Serveuse pleine de tchatche, Marie-Line (Louane, La Famille Bélier) n’a guère d’horizon au-delà de son Havre natal. Son père docker a perdu sa jambe dans un accident du travail, l’école n’a pas vraiment voulu d’elle. Alors quand le beau et cultivé Alexandre (Victor Belmondo) lui fait de l’œil, elle fond. Mais quel avenir ont un passionné de cinéma et une néophyte qui pense que François Truffaut est le fondateur des jardineries du même nom? La rupture est brutale et lâche.

Dans sa douleur, la jeune femme en vient aux mains. La voici déférée au tribunal où le juge (Michel Blanc bougon et sauvage à souhait) lui assène ses quatre vérités. Mais par un curieux jeu de hasard, Marie-Line va devenir son chauffeur. Leur cohabitation, leur franchise abrasive va pousser chacun à confronter ses peurs pour renouer avec ses ambitions et rêves.
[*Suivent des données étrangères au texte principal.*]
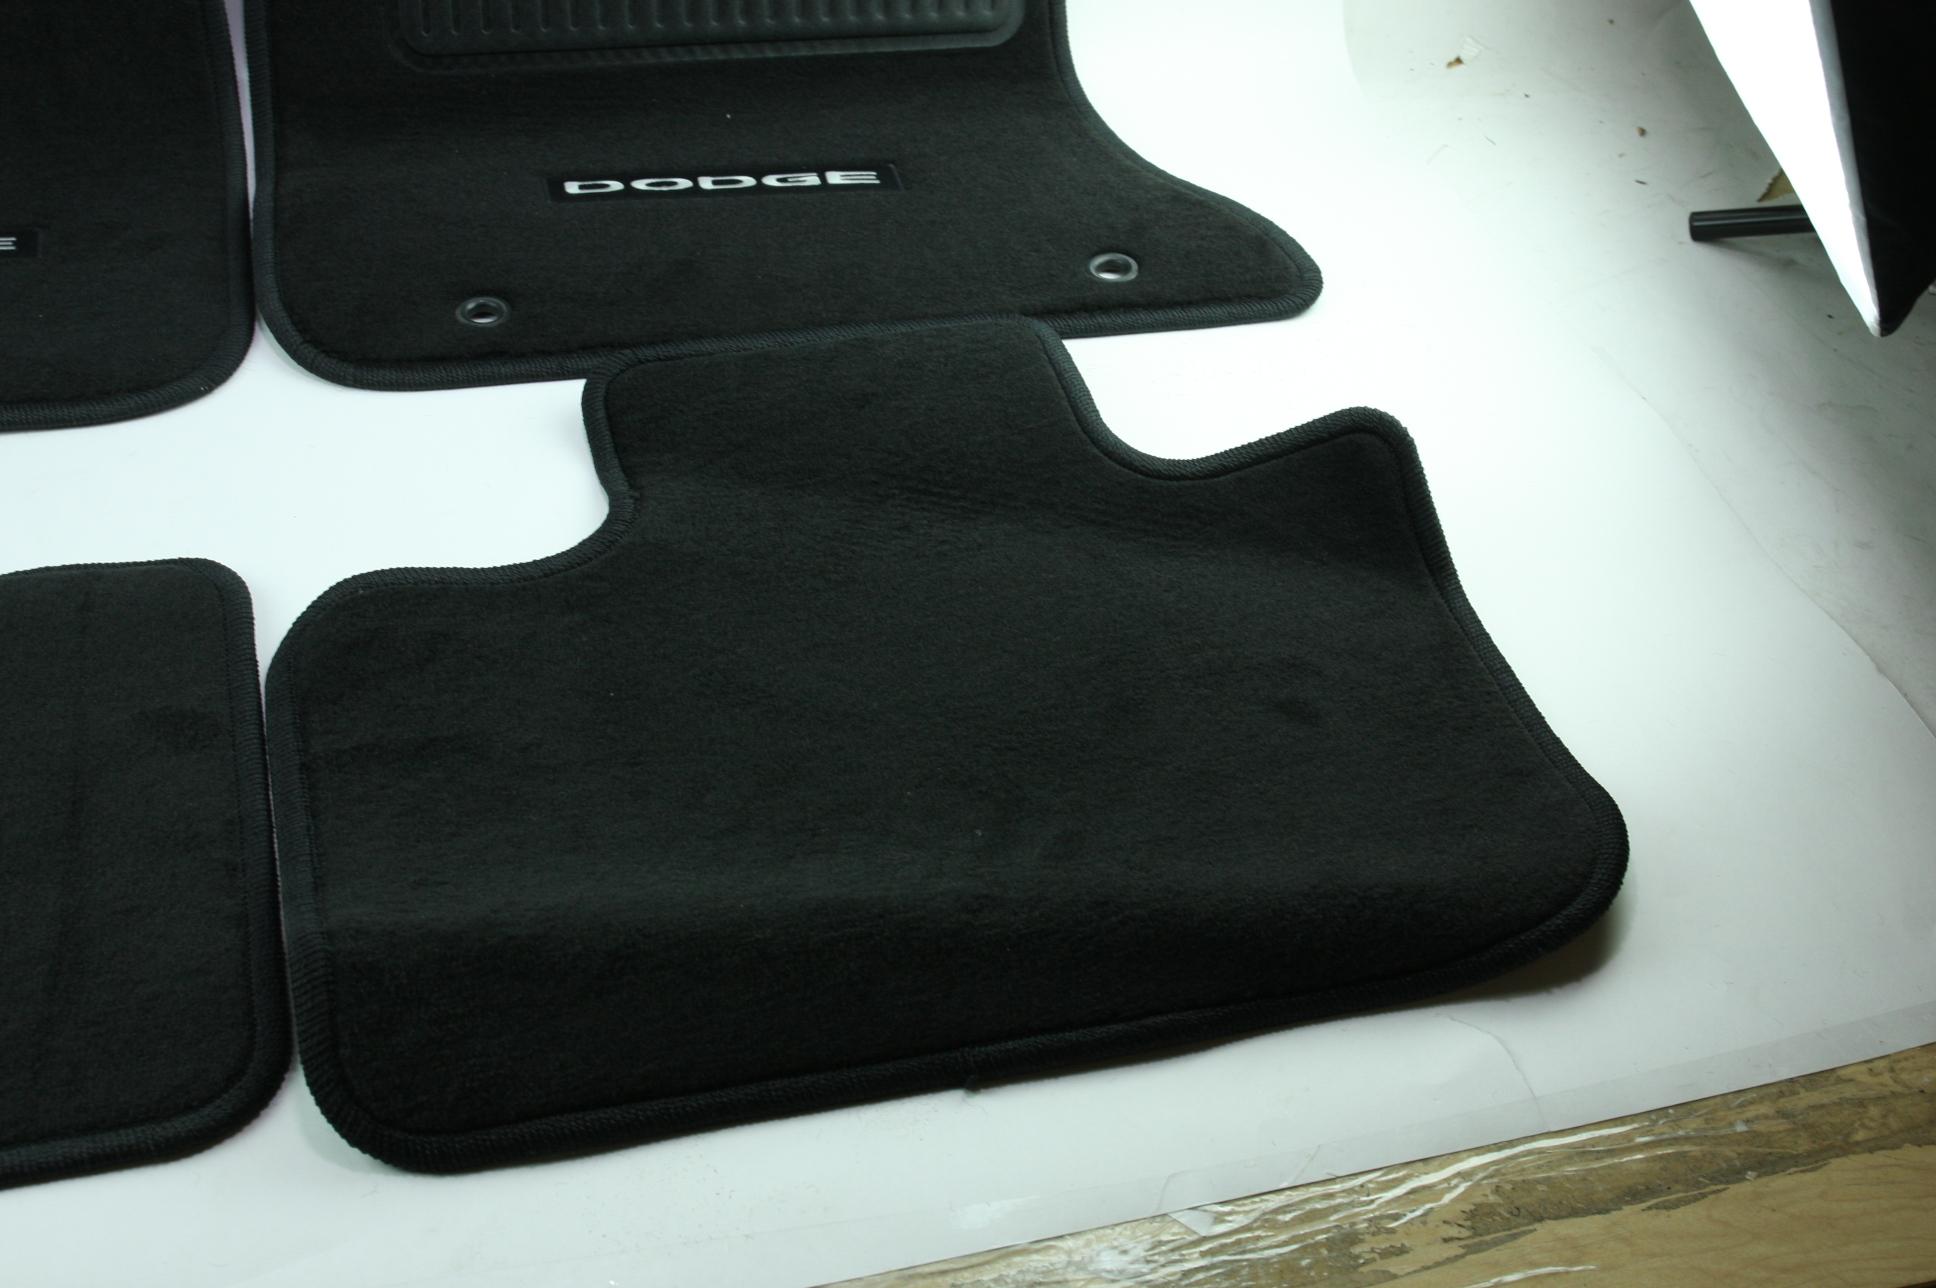 New OEM Genuine Mopar 1NL24DX9AC 11-12 Dodge Charger Mat Kit Front & Rear NIP - image 7

En dépit d’une bande-annonce suggérant une comédie intergénérationnelle, Marie-Line et le juge est plutôt une fable sur le déterminisme social mélancolique. La sincérité et la spontanéité de Louane et Michel Blanc ne suffisent pas entièrement à nous convaincre de la véracité ou de la portée du propos prévisible. Ce joli duo tourne un peu trop en rond. C.J.

Drame de Vanessa Filho, 1h59

«J’étais avec Gabriel, maman. Il m’a écrit un poème.» «Il est dans ta classe ?», répond la mère ingénument à son enfant. Comme dans les contes de Perrault, elle n’a pas vu le loup venir. Le spectateur, si, qui connaît l’histoire de Vanessa Springora, à travers son récit Le Consentement, qui racontait comment l’écrivain Gabriel Matzneff avait abusé d’elle et en avait fait sa chose alors qu’elle n’avait pas encore 14 ans.

Publié en 2020, l’ouvrage a fait l’effet d’une bombe dans le milieu littéraire parisien, qui, après quelques circonvolutions et toussotements, bannit celui qu’il avait encensé plus de quarante ans durant. «C’est un pédophile!», s’étrangle Laetitia Casta, qui interprète la mère de la jeune Vanessa (Kim Higelin) dans le film de Vanessa Filho. Qu’importe que Gabriel ait 50 ans et elle 14. Dans le rôle du pédophile Jean-Paul Rouve, aminci, chauve et précieux met ses lunettes noires à l’extérieur et les enlève à l’intérieur dans l’intimité de sa garçonnière où il abuse de sa jeune proie. Fallait-il faire un film de ce récit qui imposa avec force sa vérité ? C’est la question que l’on se pose en sortant de cette projection pénible. L’un des arguments des producteurs vise à faire connaître ce texte sur l’emprise et la dépossession à un public qui ne connaît pas Gabriel Matzneff.

L’auteur n’était pas nommé dans le livre de Vanessa Springora, sinon par la lettre G. Il est ici clairement identifié et cité, mais, en réduisant le personnage à sa seule dimension perverse, on peine à comprendre comment une adolescente a pu succomber à son charme. Il aurait été intéressant de décentrer le récit en s’attachant à décrire ce milieu si complaisant avec l’homme mûr s’affichant avec des adolescentes. Le film rate cette occasion de peindre cette société dans ses nuances les plus séduisantes comme les plus sombres. F.D.